I
Whenever I wanted to read a poem to my father he’d make a face. He claimed he didn’t like poetry. I suspect it was the ambiguity in a poem that frustrated him. In fact Dad loved poems, the poems he committed to memory in his schooldays. He recited some of these often enough for them to take seed and grow inside me.
Now Dad is gone and it is I who recites his lines, learned at school around 1925:
Blow, blow, thou winter wind
Thou art not so unkind
As man’s ingratitude…
Thy tooth is not so keen
Because thou art not seen
Although thy breath be rude
I see Dad’s wry smile as he continued with lines that border on the cynical.
Sing Hey Ho, Hey ho unto the holly
Most friendship is feigning
Most loving mere folly
Dad was not cynical. So what appealed to him about this snatch from ‘The Tempest’?
I think it was the music.
Lots of people think they don’t like poetry. They would never read a poem – not willingly, not wittingly.
But they listen to songs. And a song is just a poem hidden inside music.
Think of the Beatles. Think of ‘Till there was you’. Think of ‘Elinor Mackenzie’. We loved those songs, not least for their poetry.
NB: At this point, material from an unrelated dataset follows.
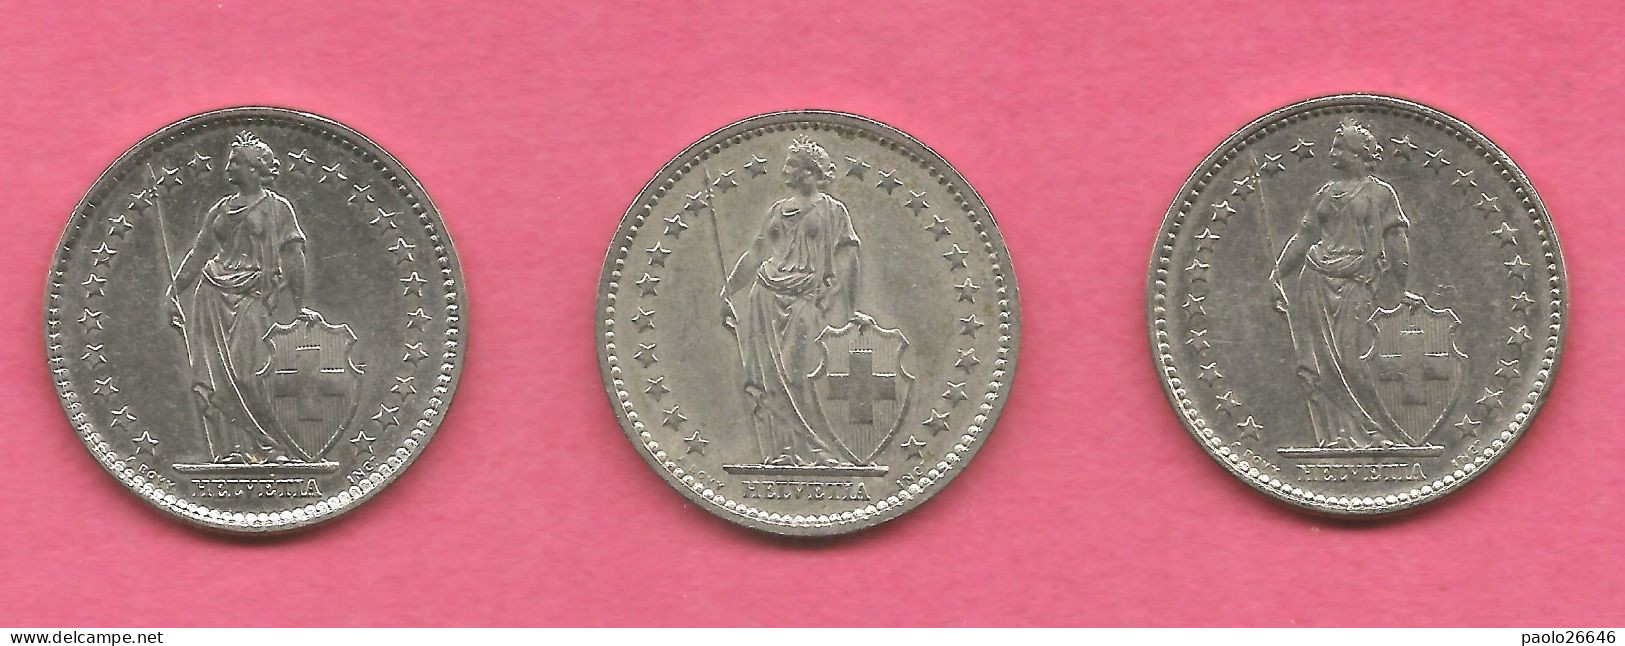 3 Monete Svizzera Da 2 Fr 1972-1974-1978  QFDC - 2 Franken

Nobody doesn’t like a song.
II
Michael Ondaatje’s ‘The English Patient’ was enormously successful. In the heart of the novel a sand storm envelops a westerner. The protagonist and the reader spend page after page swallowed up in a howling, blinding, suffocating universe of sand. That long poetic passage alone is worth the price of the book.
Here is Ondaatje in his truer vocation:
From COUNTRY NIGHT
The sofa calls the dog, the cat
in perfect blackness walks over the stove.
In the room of permanent light
cockroaches march on enamel.
The spider with jewel coloured thighs the brown moth
with corporal stripes
ascend pipes
and look into mirrors.
At night the truth happens.
While reading ‘The English Patient’ I felt the poetry operating on me. But I was unaware that he was a real, proper, self-outed poet. (Ondaatje infected me with an ambition to write a poetic novel. I wasted twelve months discovering I wasn’t Ondaatje.)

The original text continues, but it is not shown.